One painful memory for André is the fear he carried for years after the murder, as the police triggered one of its biggest-ever manhunts.

“I was in fear of Alex´s life,” he tells me.

“I was the only witness to my mother’s murder, and there was always the chance the killer could come back,” Alex says.

“That was something the police were whispering in my father’s ear all the time.”

André, originally from London, adds: “There was the possibility he could find us.
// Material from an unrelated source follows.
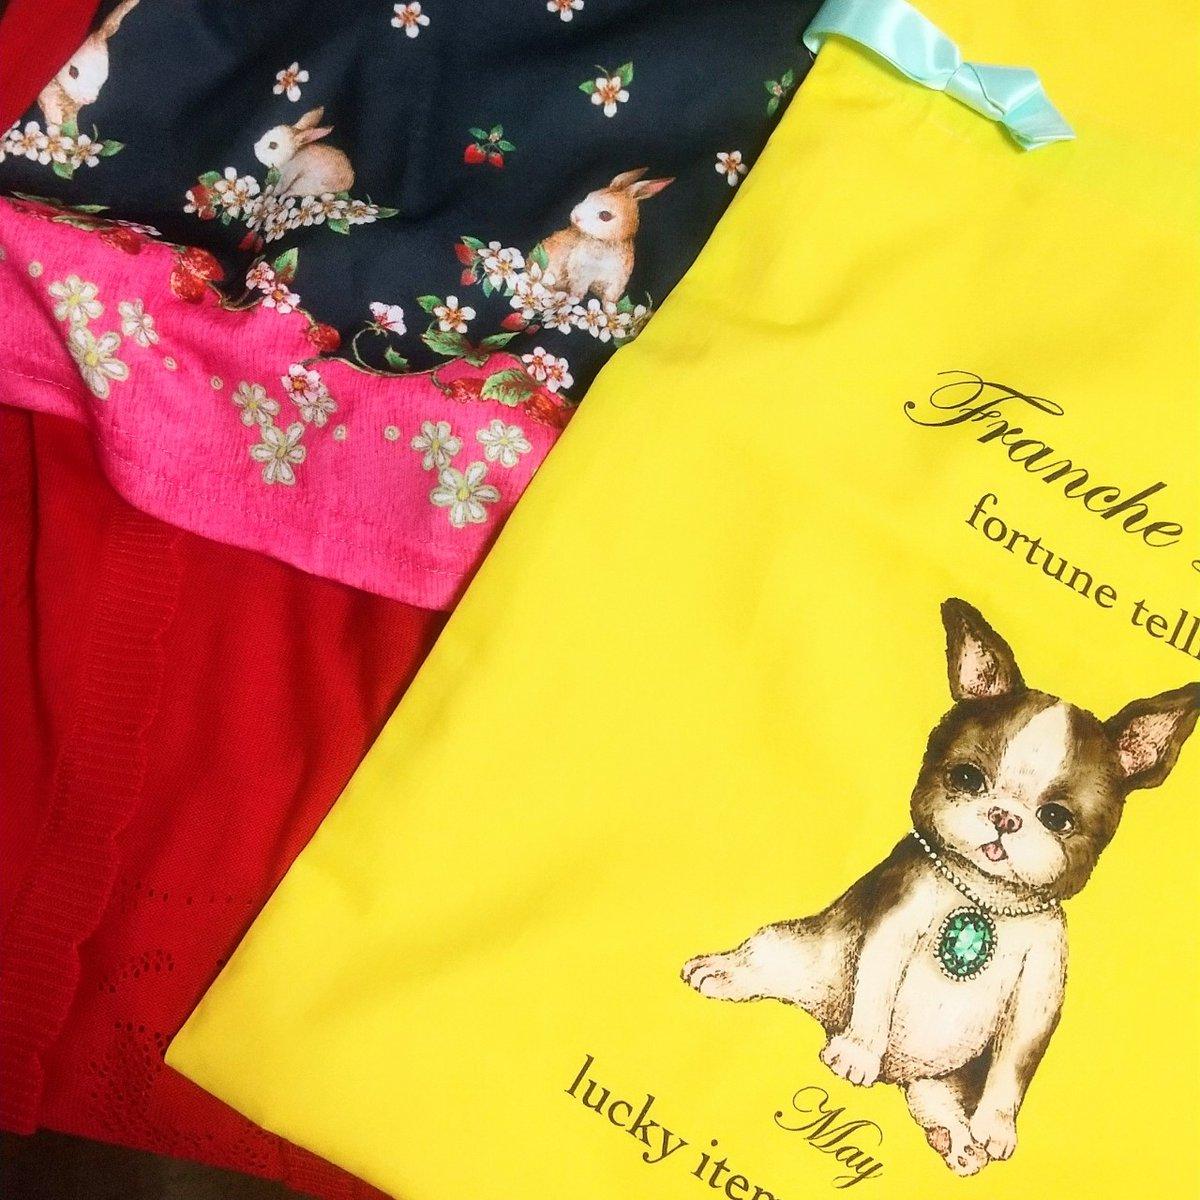 test ツイッターメディア - #フランシュリッペ 駆け込み第一弾。 ウサギのやつはTシャツで、下の赤いのはカーディガン(春~夏用かな?)、黄色いのは巾着。 それにしても10年くらい愛用したブランドが無くなるとは…… 今後は何処で服買えば良いの??? オンラインでも買っちゃったわよ。 https://t.co/AtaTkSQZRf
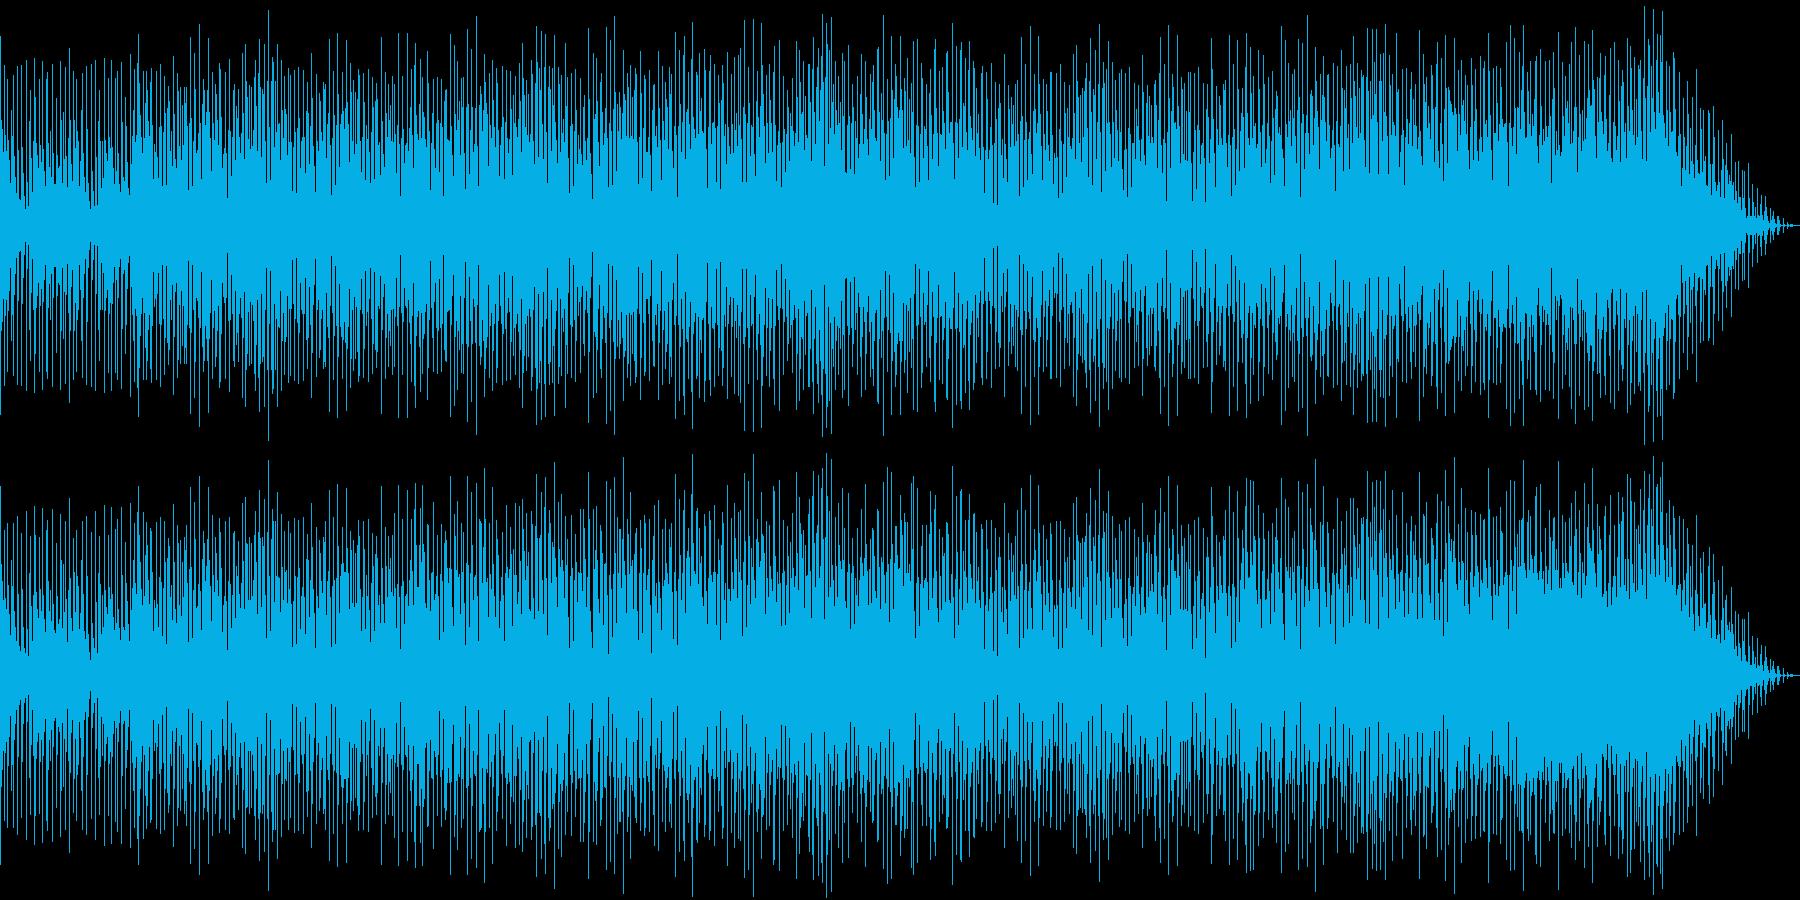 弾むテンポ感とシンセブラスのBGMの再生済みの波形

I felt safer abroad.”

Now, the ten-year anniversary of Napper’s confession holds little significance for the pair.

Alex tells me “life had moved on” before Napper’s admission.

“We had to find closure away from that,” he says.

“If a person is found guilty and then you find out it was another … it’s a rollercoaster.

“We had to live with the fact this case might never be solved, we had to find a way of finding peace and stability.”

André agrees that the chaotic nature of the case means even knowing Rachel’s real killer has been caught for ten years provides little closure.

“From day one, it was an open affair,” he says.

“There was no closure. There were so many years that went by with no closure. Colin Stagg, Robert Napper… it was just a continuation of the same old story.

“I just had to do what I had to do to make sure Alex was ok, that was my number one responsibility.

“Who it was who killed Rachel was something I could never actually rely on because mistakes had been made before about the identity. The police swore it was Colin Stagg, and then you find yourself a decade later in the same situation.”

Of course they had one other close connection with Rachel, Labrador-greyhound cross dog Molly who André and Alex kept until she died at the age of 13, with Alex affectionately seeing the pup as his “little sister”.

“Rachel used to say we were her ‘little pack’,” André smiles.

“She really instilled that in us.

“She had such an infectious smile. She was an old soul, someone you don’t forget.”